Data block:

____

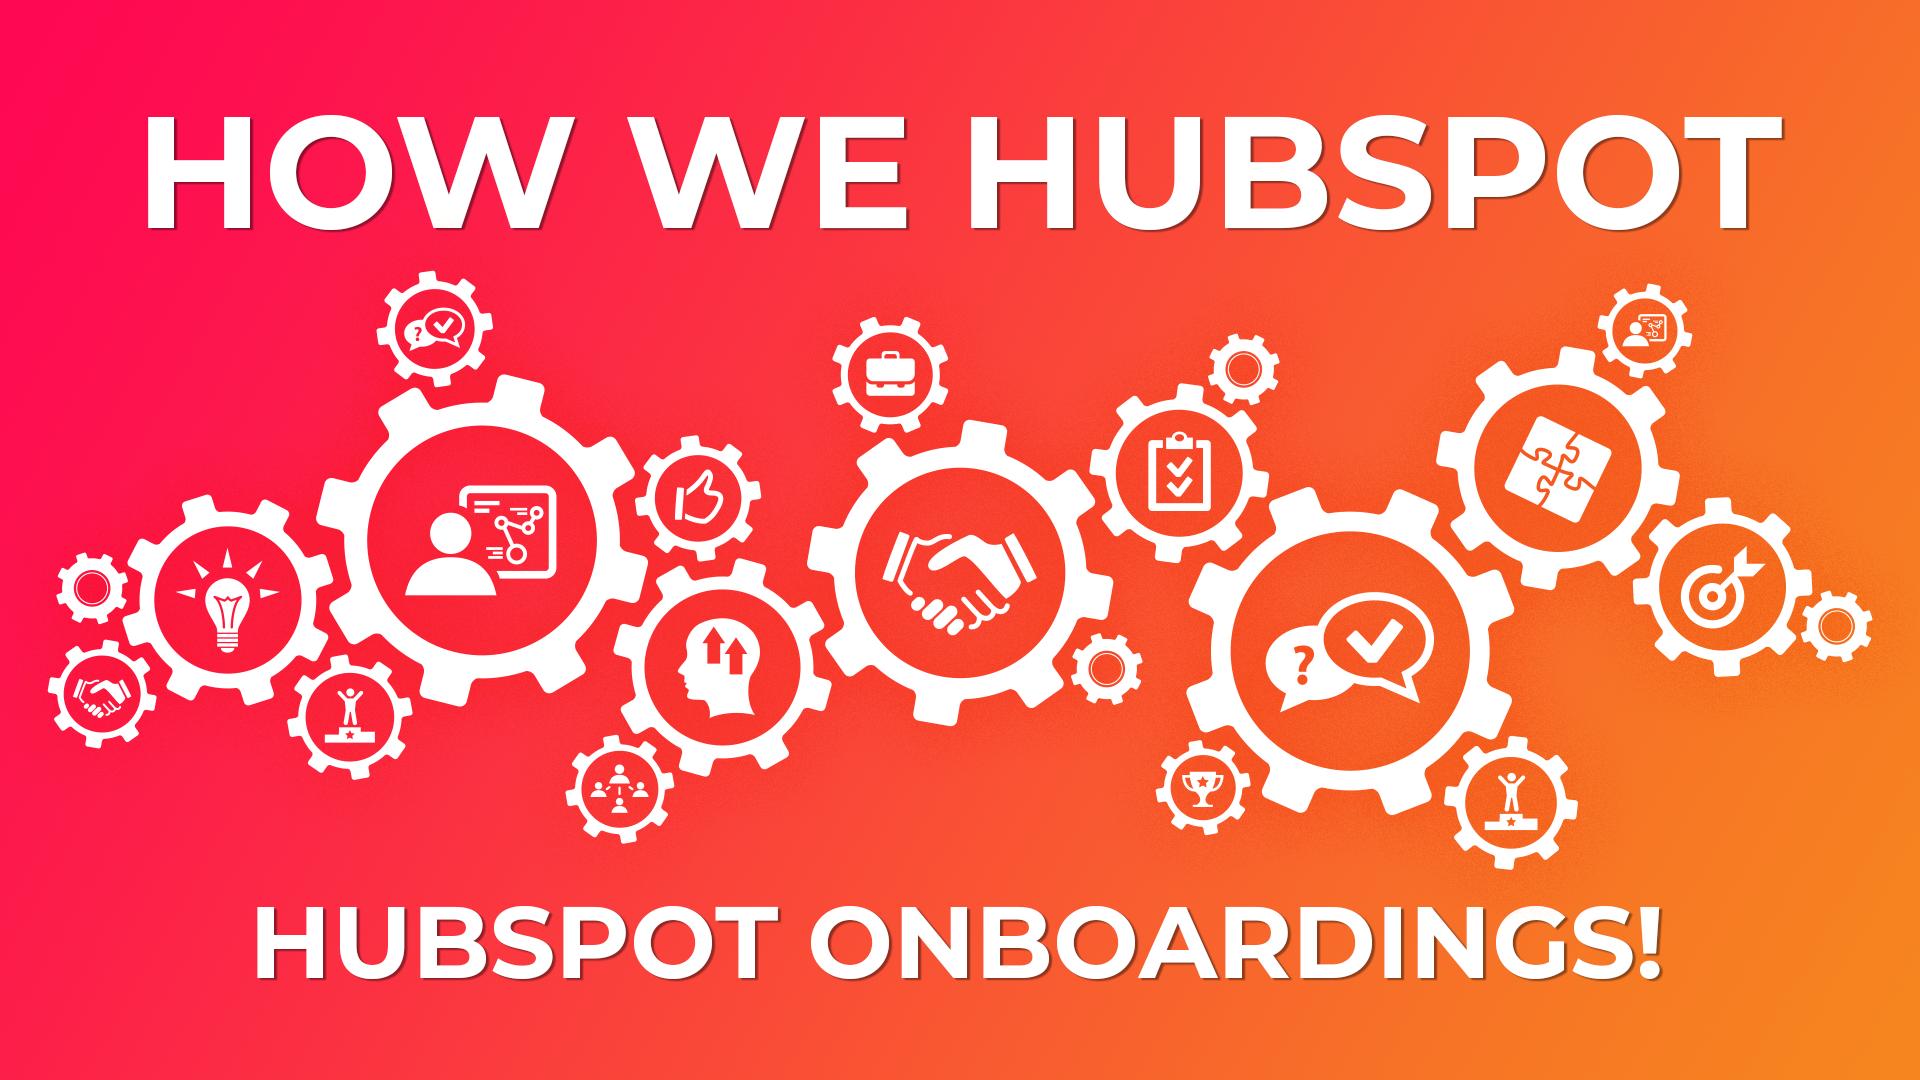 HubSpot Onboardings - Featured Image
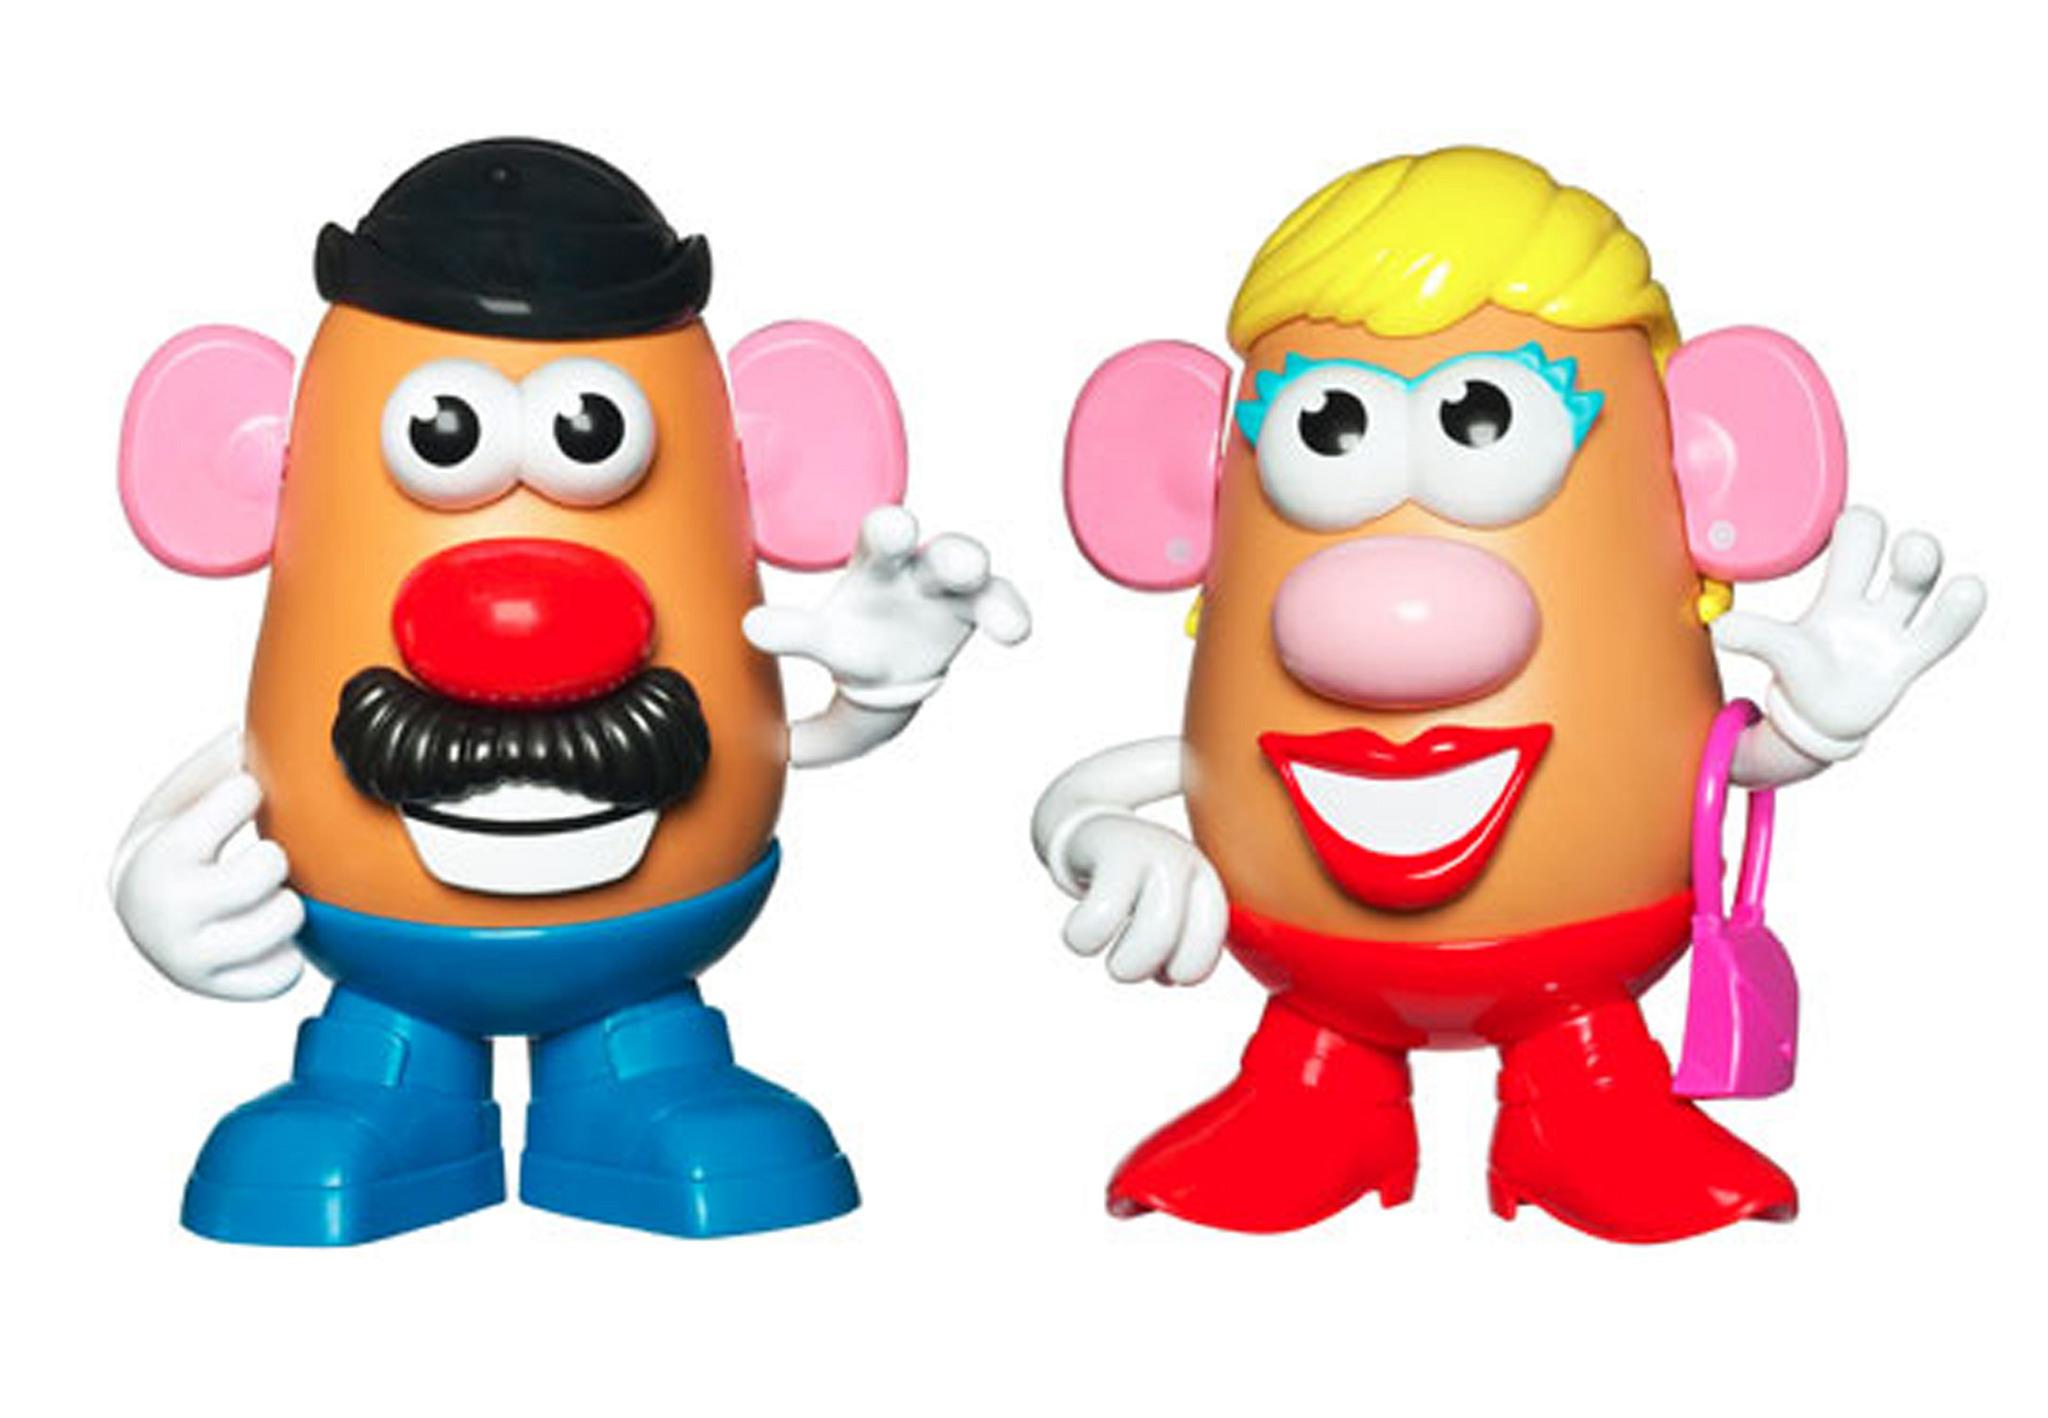 Mr-Mrs-Potato-Head-Hasbro-1.jpg
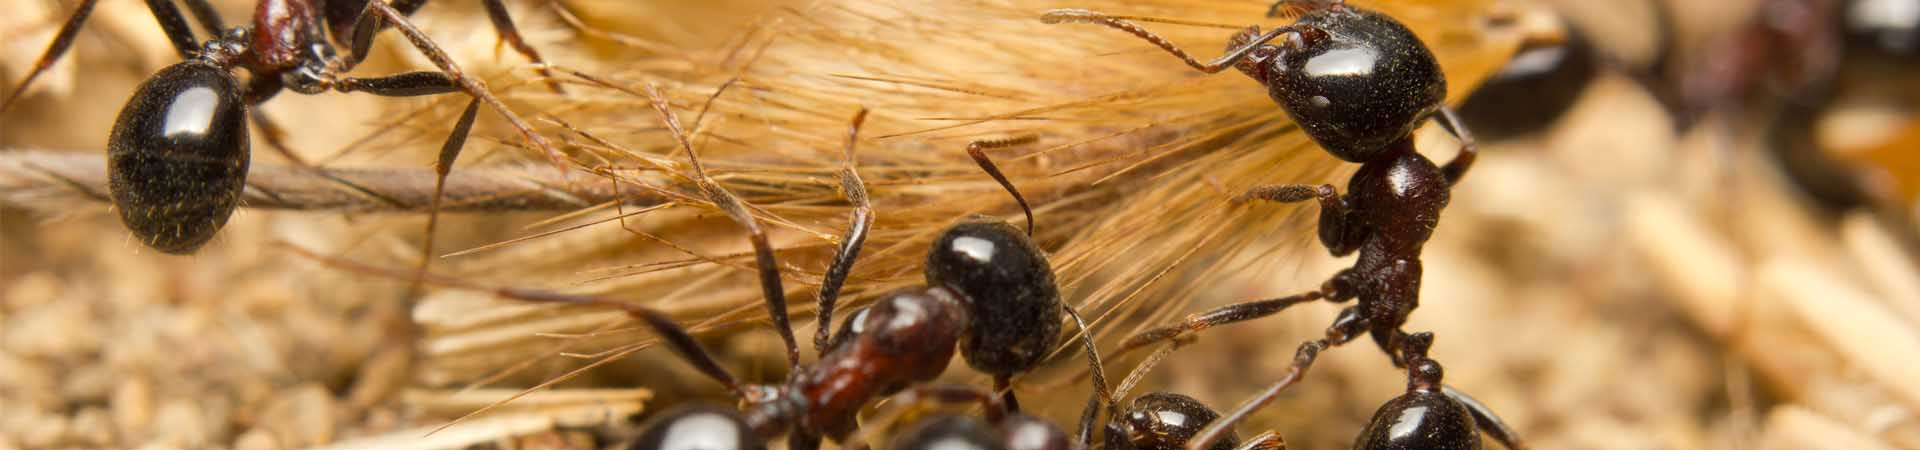 mainslide_ants_1

____

What is being asked:
Repeat every line of the data exactly, but do not include pictures.

Solution to the problem:
 HubSpot Onboardings - Featured Image
 Mr-Mrs-Potato-Head-Hasbro-1.jpg
 mainslide_ants_1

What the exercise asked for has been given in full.